§ **DATA PROVIDED**:

────────

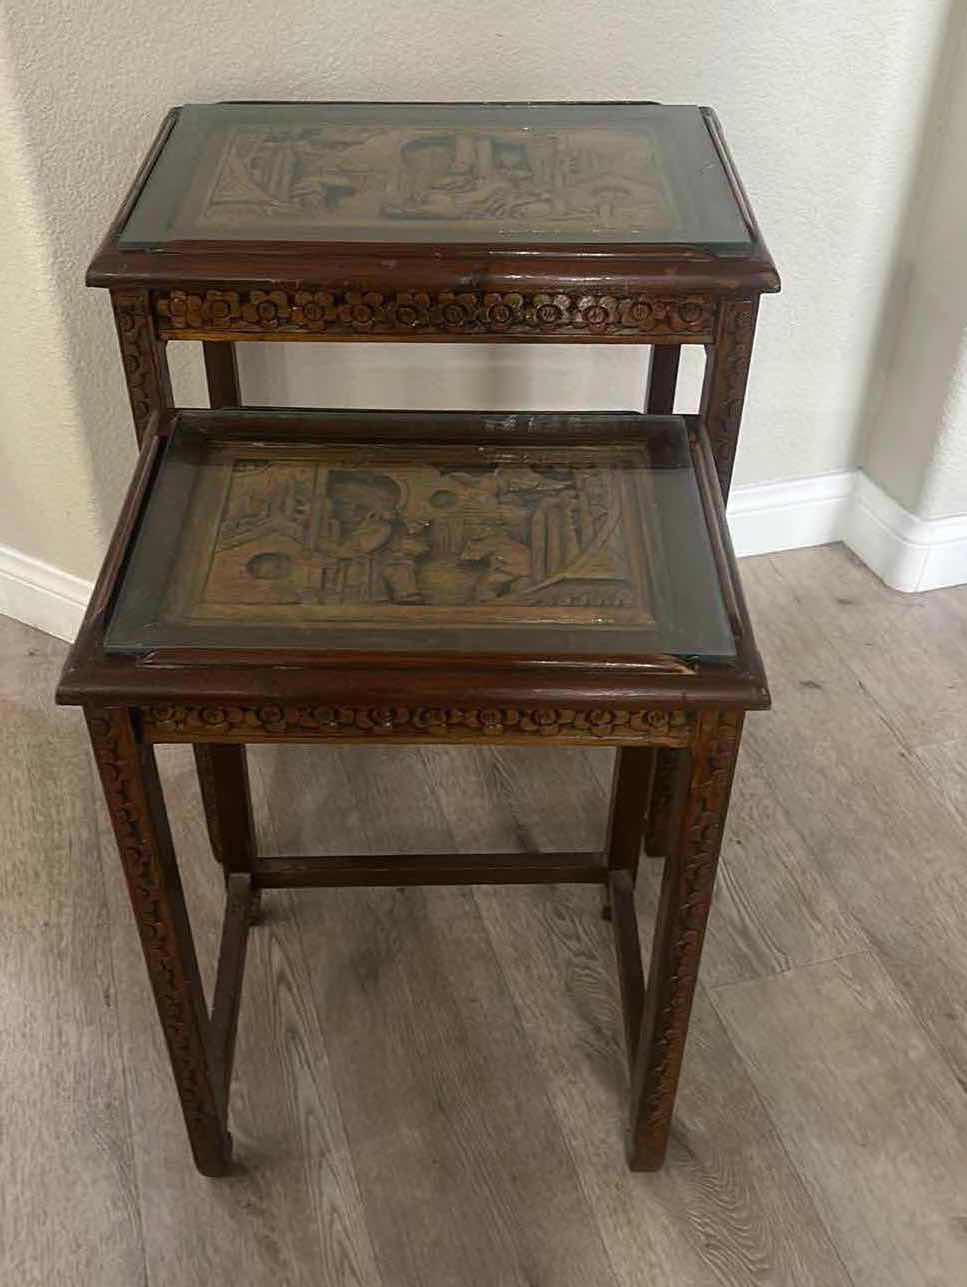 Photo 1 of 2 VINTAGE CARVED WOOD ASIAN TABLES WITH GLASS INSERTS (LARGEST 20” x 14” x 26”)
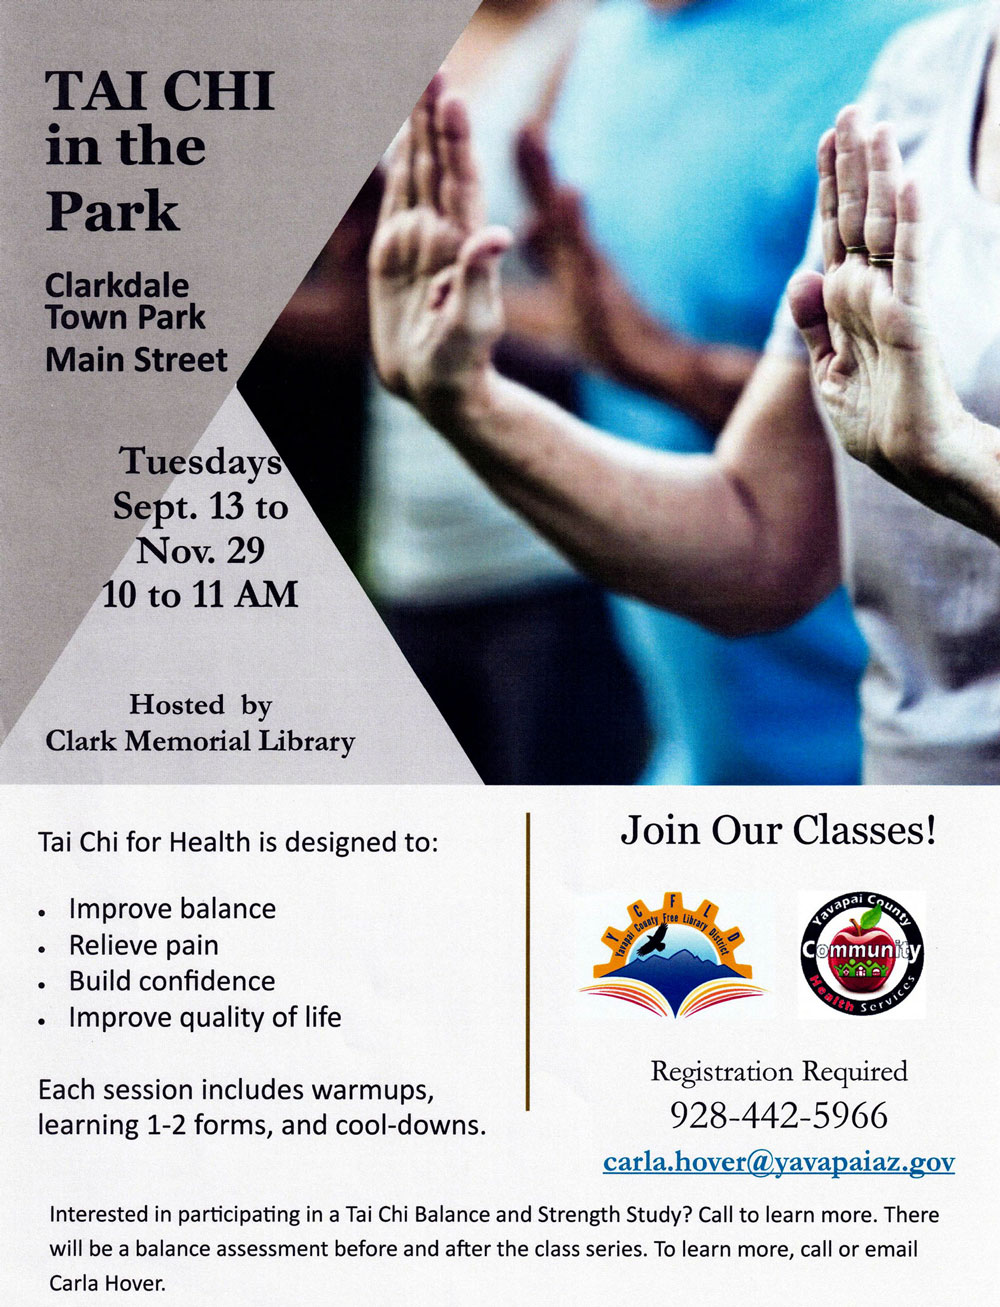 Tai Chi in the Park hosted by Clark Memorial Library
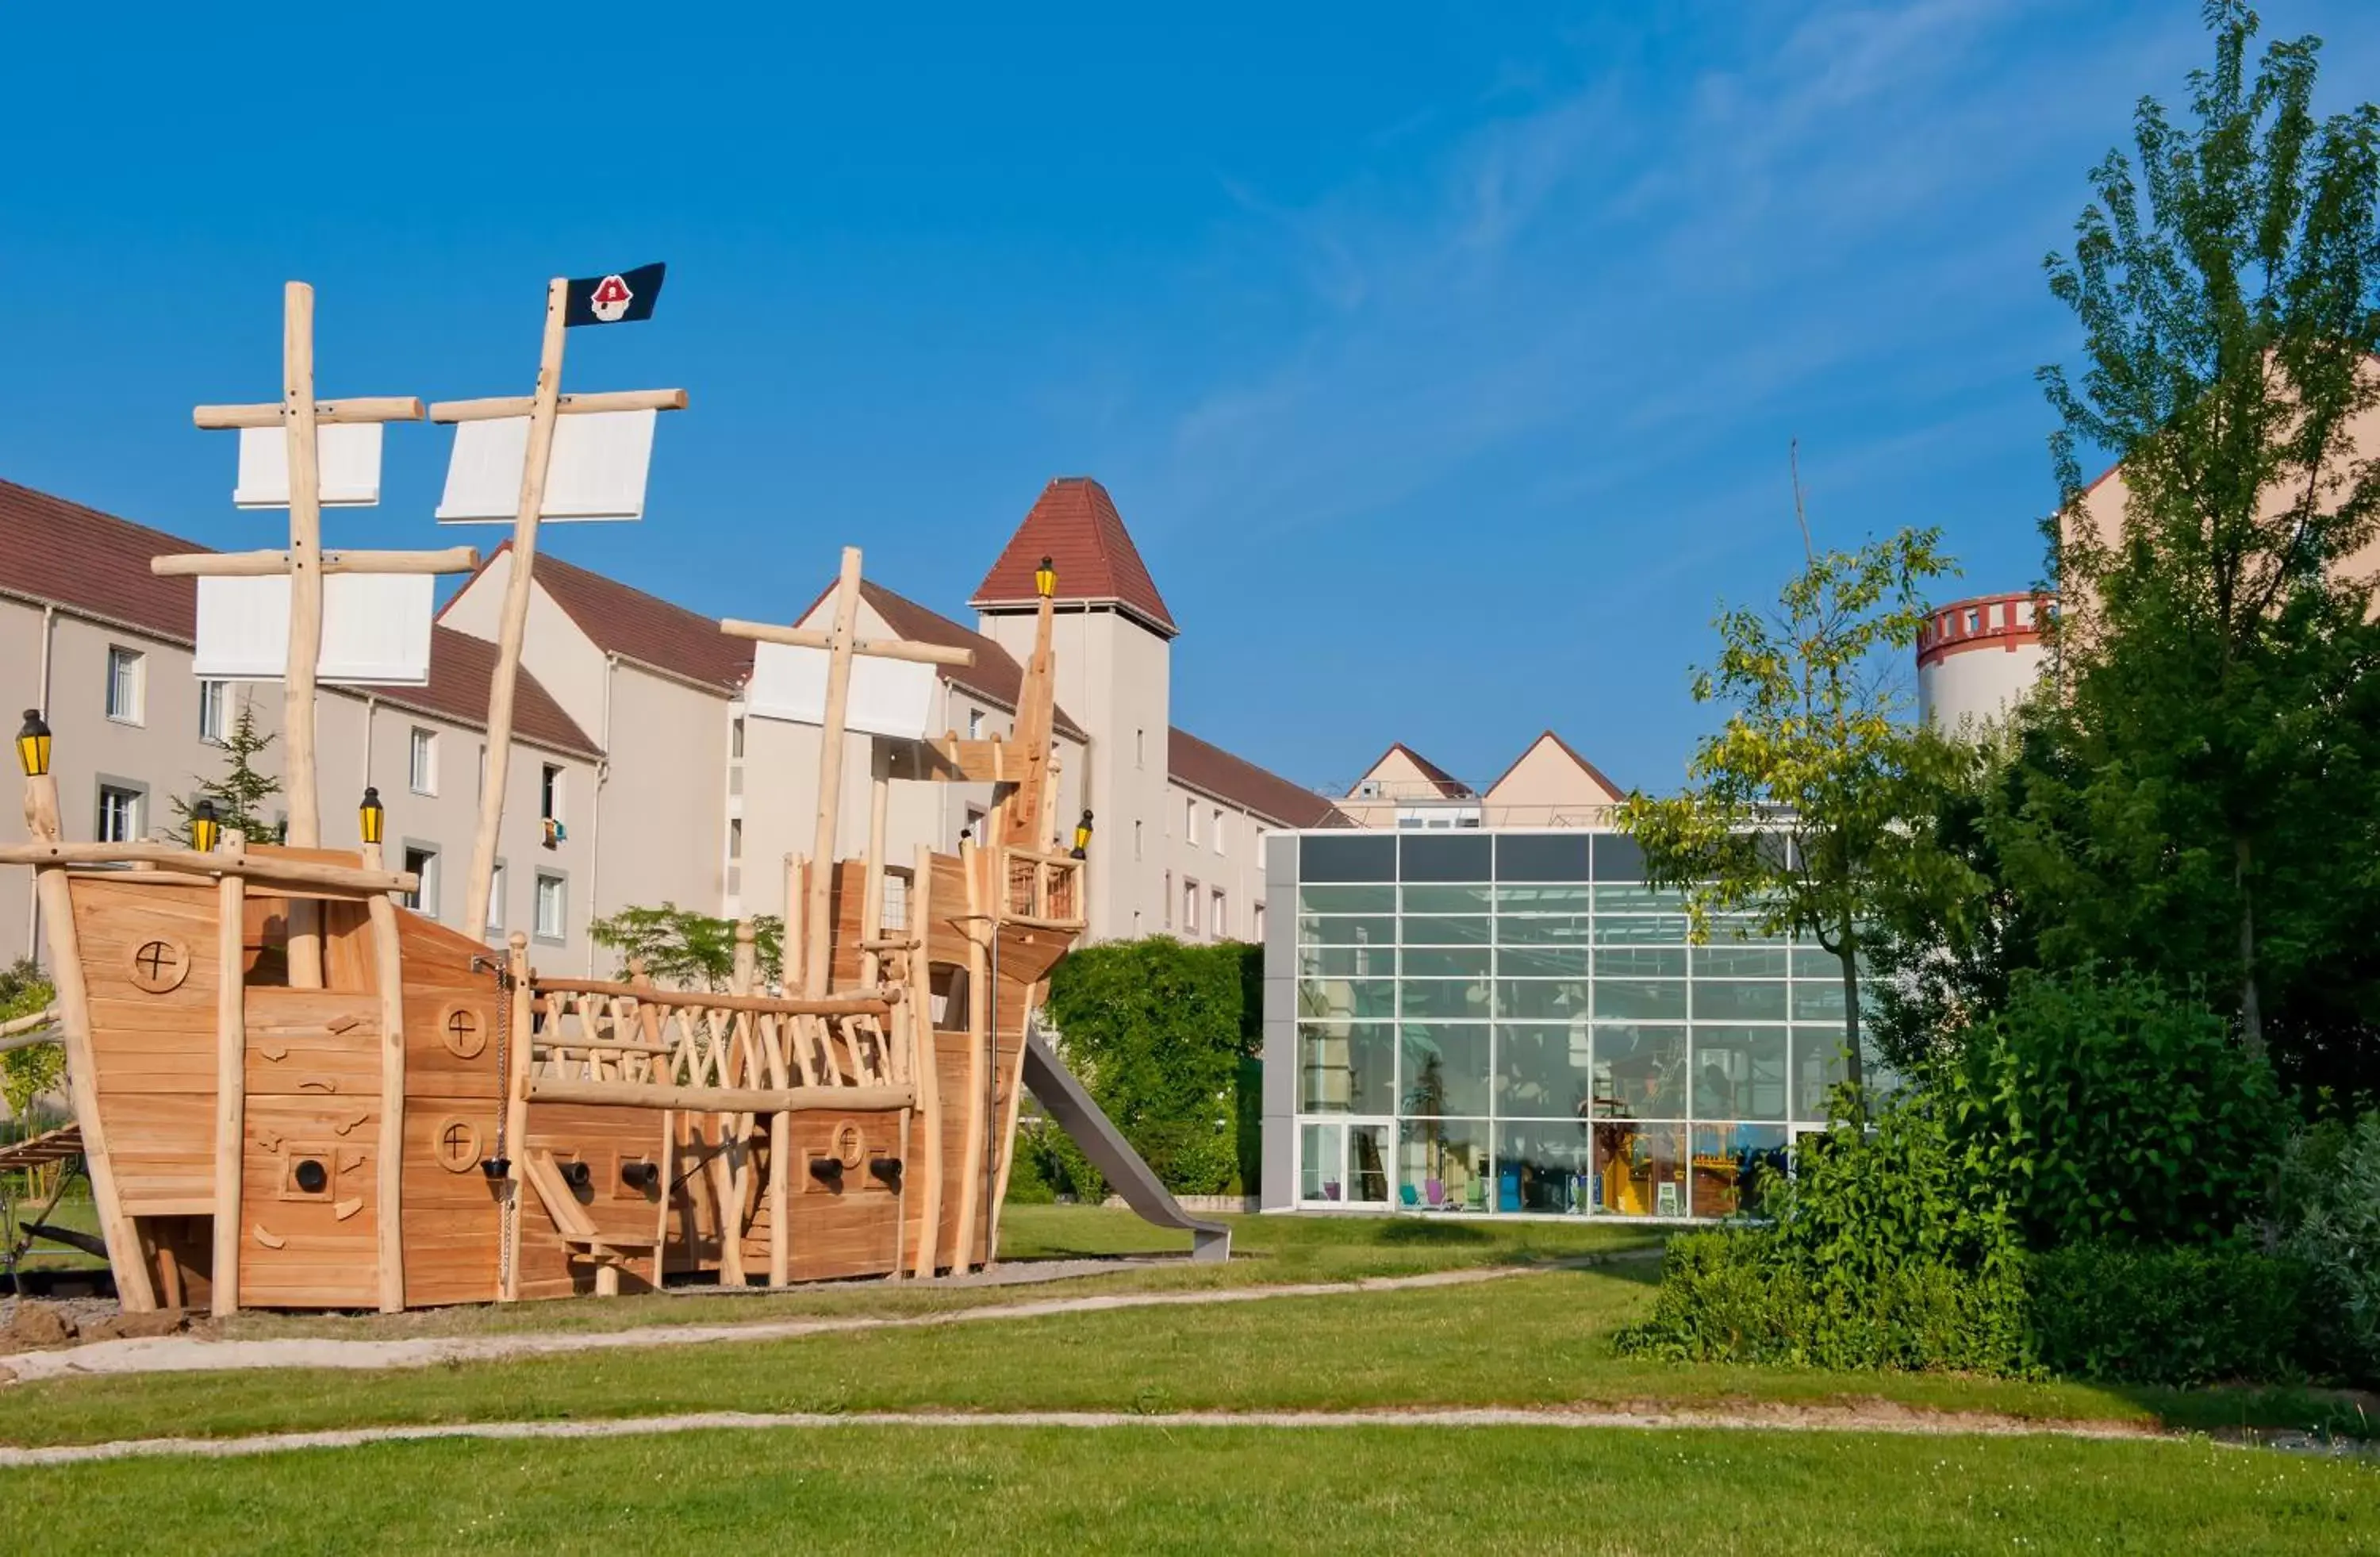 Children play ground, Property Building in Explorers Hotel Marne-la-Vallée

────────

§ **REQUIRED WORK**:
Your answer must be the full listing, copied exactly, with no pictures in it.

§ **OUTPUT BELOW**:
 Photo 1 of 2 VINTAGE CARVED WOOD ASIAN TABLES WITH GLASS INSERTS (LARGEST 20” x 14” x 26”)
 Tai Chi in the Park hosted by Clark Memorial Library
 Children play ground, Property Building in Explorers Hotel Marne-la-Vallée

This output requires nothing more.